Background/aims: Experimental and clinical studies demonstrated that probiotics containing lactobacilli significantly improve the outcome of acute pancreatitis. In a prospective, randomized, double-blinded study the role of "Synbiotic 2000", a new synbiotic composition with high colony forming unit (CFU) was evaluated in the treatment of severe acute pancreatitis.

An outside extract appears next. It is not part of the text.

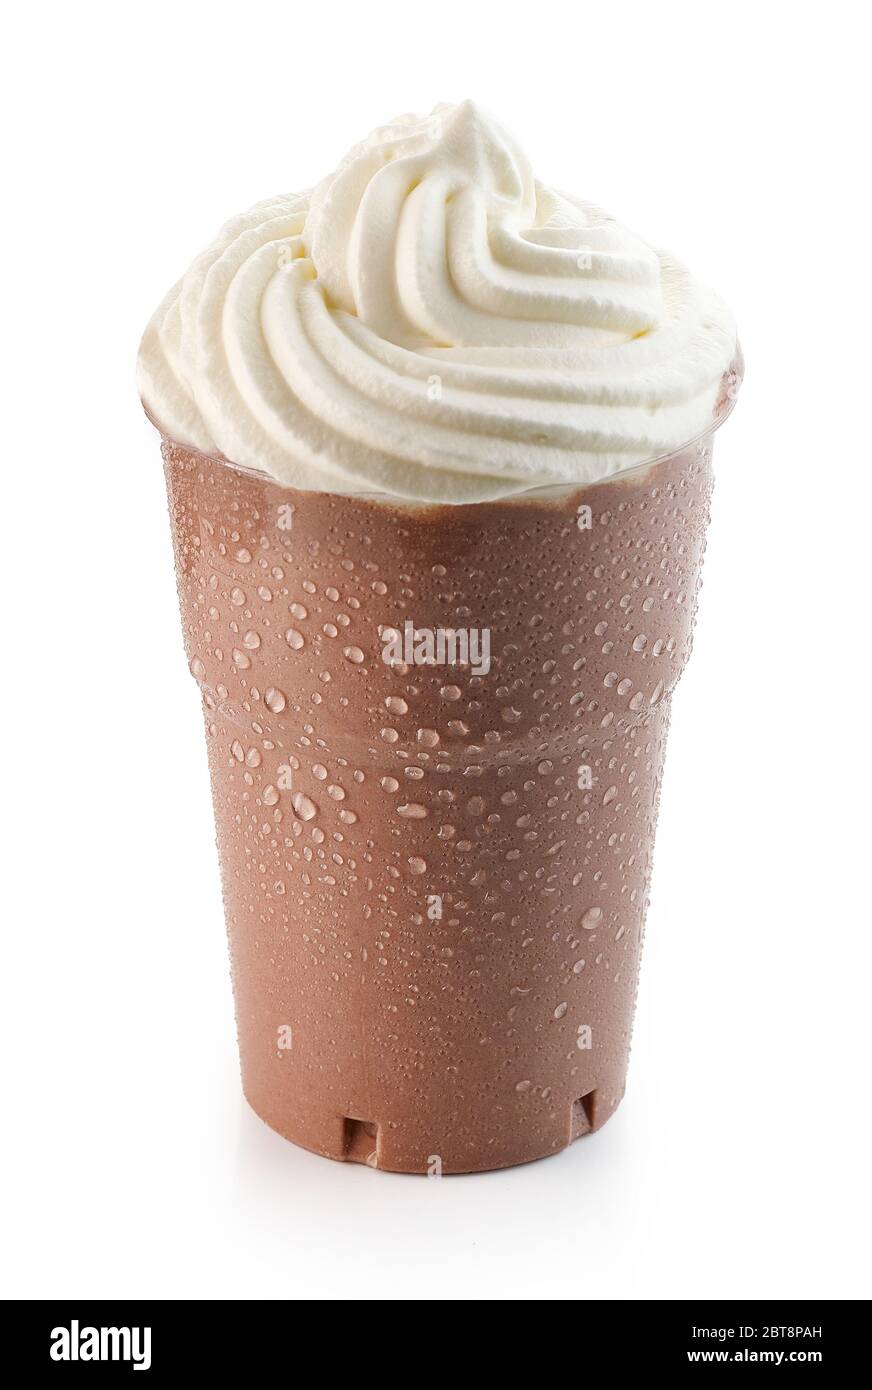 https://c8.alamy.com/comp/2BT8PAH/brown-chocolate-milkshake-in-plastic-take-away-cup-isolated-on-white-background-2BT8PAH.jpg

Methodology: Patients with severe acute pancreatitis were randomized into two groups. Nasojejunal feeding was commenced within 24 hours after admission in both groups and continued for at least seven days. The first group of patients received four different lactobacilli preparations with 1010 CFU, respectively, and prebiotics containing four bioactive fibers (inulin, beta-glucan, resistant starch and pectin) in addition. Patients in the second (control) group received only prebiotics.

Results: 62 patients with severe acute pancreatitis completed the study. Altogether 8 patients died. Lower incidence of multiorgan failure (MOF), septic complications and mortality were detected in the first group compared to the control, but the differences were not significant statistically. The total incidence of systemic inflammatory response syndrome (SIRS) and MOF were significantly different between the two groups (8 vs. 14; p < 0.05). Furthermore, the number patients recovering with complications were significantly less in the first group receiving modern synbiotic therapy compared to the control (p < 0.05). Finally, lower rate of late (over 48 hours) organ failure was detected in the first versus the control group (3.0% vs. 17.2%).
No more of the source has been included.